Между тем император уже побывал на строительстве казарм по улице Александровской, ознакомился с солеваренным заводом, поднимался на градиры, как бабка Екатерина и брат Александр. Понаблюдал сверху и на готовившийся на огромном лугу по соседству парад гарнизона. Погода не благоприятствовала: всю ночь моросил дождь. Утром выглянуло солнце, но вскоре снова скрылось за тучами и опять заморосило.

Поселяне в потрепанном обмундировании, да еще под дождем выглядели, конечно, неприглядно. Даже действующие батальоны оставляли желать лучшего. А дальше императора ждало полное разочарование.

Размокший суглинок мешал колоннам держать равнение, лужи были настоящей западней, особенно для старших возрастов. Страстный почитатель строя и шагистики — Николай не выдержал и приказал прекратить “издевательства над фрунтом”, построиться для изъявления нужд и жалоб.

Нарушать когда-то установленный на инспекторских смотрах порядок не решился.

Разочарование сменилось раздражением, и было отчего: со всех сторон неслись жалобы, граничащие с угрозами:

Без соли сидим по десяти дней каждый месяц, а провианту достает лишь по 25 число, а то и до 23-го.

— Летом трудимся до 11 вечера, а в 2 часа поутру снова на работу.

— В сапогах работать не дают, в любую погоду в лаптях.

— Кожа трескается от непогоды, руки и ноги приходится дегтем смазывать.

— Батальонный приказывает шинель чистить, мелом пуговицы натирать. А как ее очистишь после работы. Раньше хоть своя мужицкая одежа была на смену. А теперь казенная в праздник и в будень...

Царь не стал слушать дальше, поручив “разобраться” Аракчееву... Из Руссы поехал в Медведь. Но и здесь произошло то же самое... Итак, не какие-нибудь единицы, а сотни людей на двух смотрах просили уничтожить поселения, которые так расписывали придворные льстецы и Аракчеев. И Николай, несомненно, сопоставив увиденное и выводы Дибича, решился на значительную перестройку поселений, но отнюдь не на ликвидацию, о чем весьма сожалел впоследствии.

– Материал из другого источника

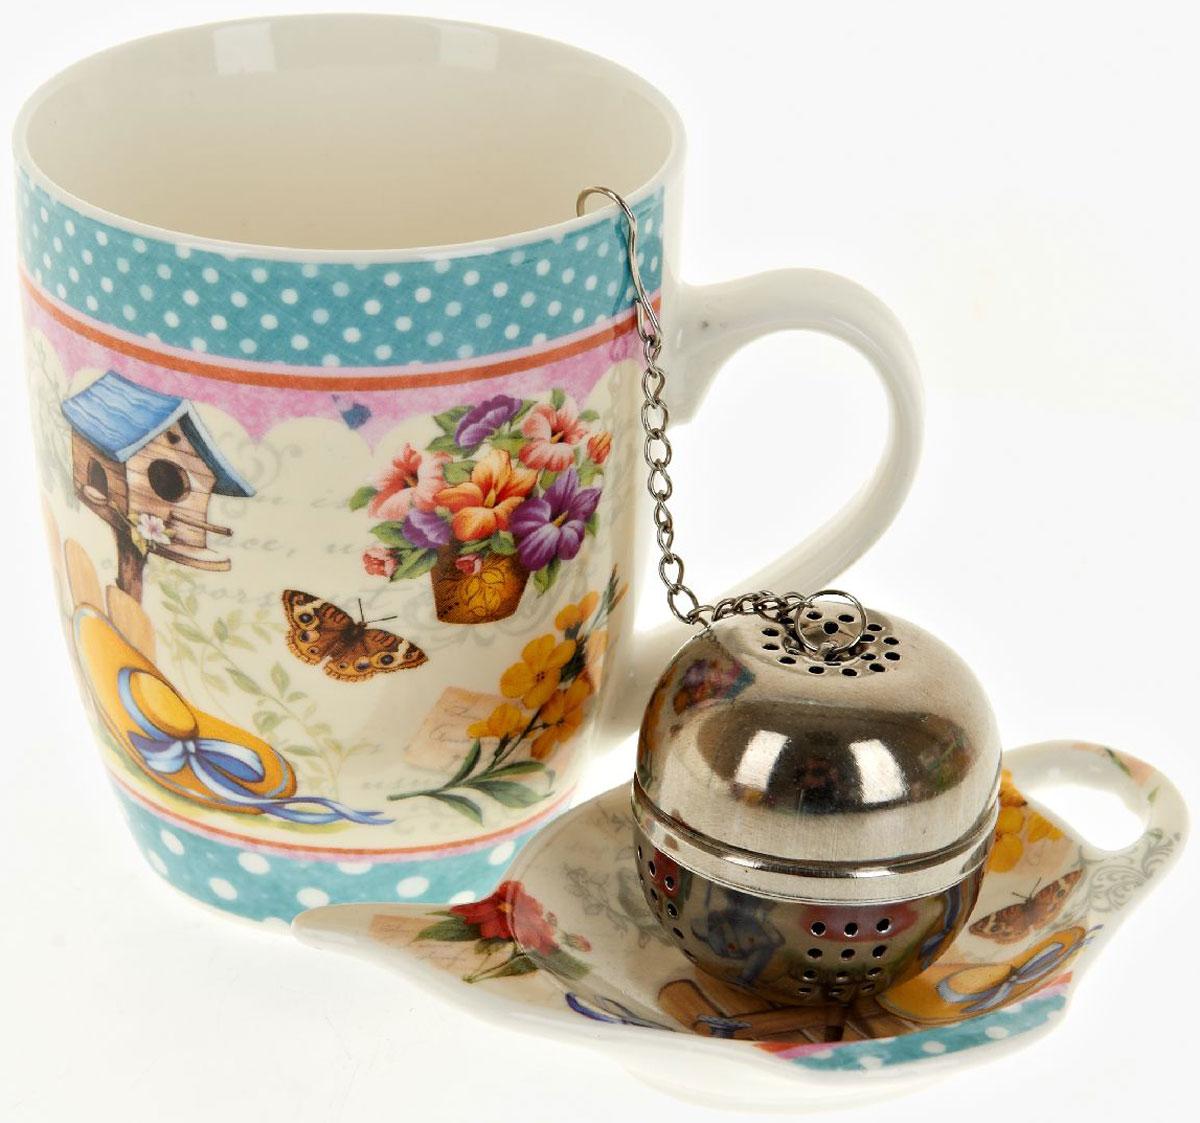 Кружка Nouvelle De France Сад, с фильтром, с подставкой под чайный пакетик, 340 млM0661241Оригинальная кружка Nouvelle с ситечком для заварки и подставкой под чайный пакетик, выполненная из высококачественного фарфора, сочетает в себе изысканный дизайн с максимальной функциональностью. Красочность оформления кружки придется по вкусу и ценителям классики, и тем, кто предпочитает утонченность и изысканность. В комплект входит кружка, ситечко и подставка.Можно использовать в ПММ.

Начало июля. Прошел всего месяц с ухода Аракчеева и на смену Маёвскому, подавшему “личную просьбу о возвращении в армию”, в Старую Руссу прибыл генерал Леонтьев. Последовали преобразования и в самих поселениях. Солдат не действующих батальонов, то есть старше 45 лет, лишили оружия и строевой одежды, зарядили в серые казакины с красными воротниками и желтыми погонами с номером округа. Штаны из серого сукна, фуражка серая с козырьком, на околыше номер волости или роты. Отменили строевые занятия, позволили носить бороды.

Что же касается улучшения продовольствия — официально объявили: “переводятся на свое довольствие, а не от казны”. Но на место двух постояльцев к каждому хозяину с внедрением еще одной дивизии поставили трех. Генерал Эйлер, командующий артиллерией поселенного корпуса, записал тогда в дневнике: “Но они (т. е. поселяне) не довольствовались данными милостями и хотели полного возвращения прежнего быта”.

В 1829 году азиатская гостья — холера — перешла русскую границу и, несмотря на принимаемые меры, охватывала одну губернию за другой.

Болезнь считалась столь заразной, что всю Россию перерезали карантины. Письма и газеты получали проколотыми и окуренными. При въезде и выезде из деревень в угрожаемой зоне день и ночь курились костры, покрытые кучами навоза. Бывшие при них сторожа заставляли всякого проходить несколько раз под дымом.

В двадцатых числах июня появились первые больные холерой в Руссе. И без того суровые общие меры, принимаемые против эпидемии, соблюдались с особой строгостью в поселениях. Надзор за опрятностью в домах был усилен. В казармах и палатках за городом приказано было все время иметь легкие растворы хлорной извести, коей ополаскивали руки и протирали полы.

Близ церквей Никольской и Дмитриевской открыли холерные бараки и здесь же, за ними, в особом рву хоронили умерших. Больничные кареты разъезжали по городу, забирали заболевших на улице и в домах.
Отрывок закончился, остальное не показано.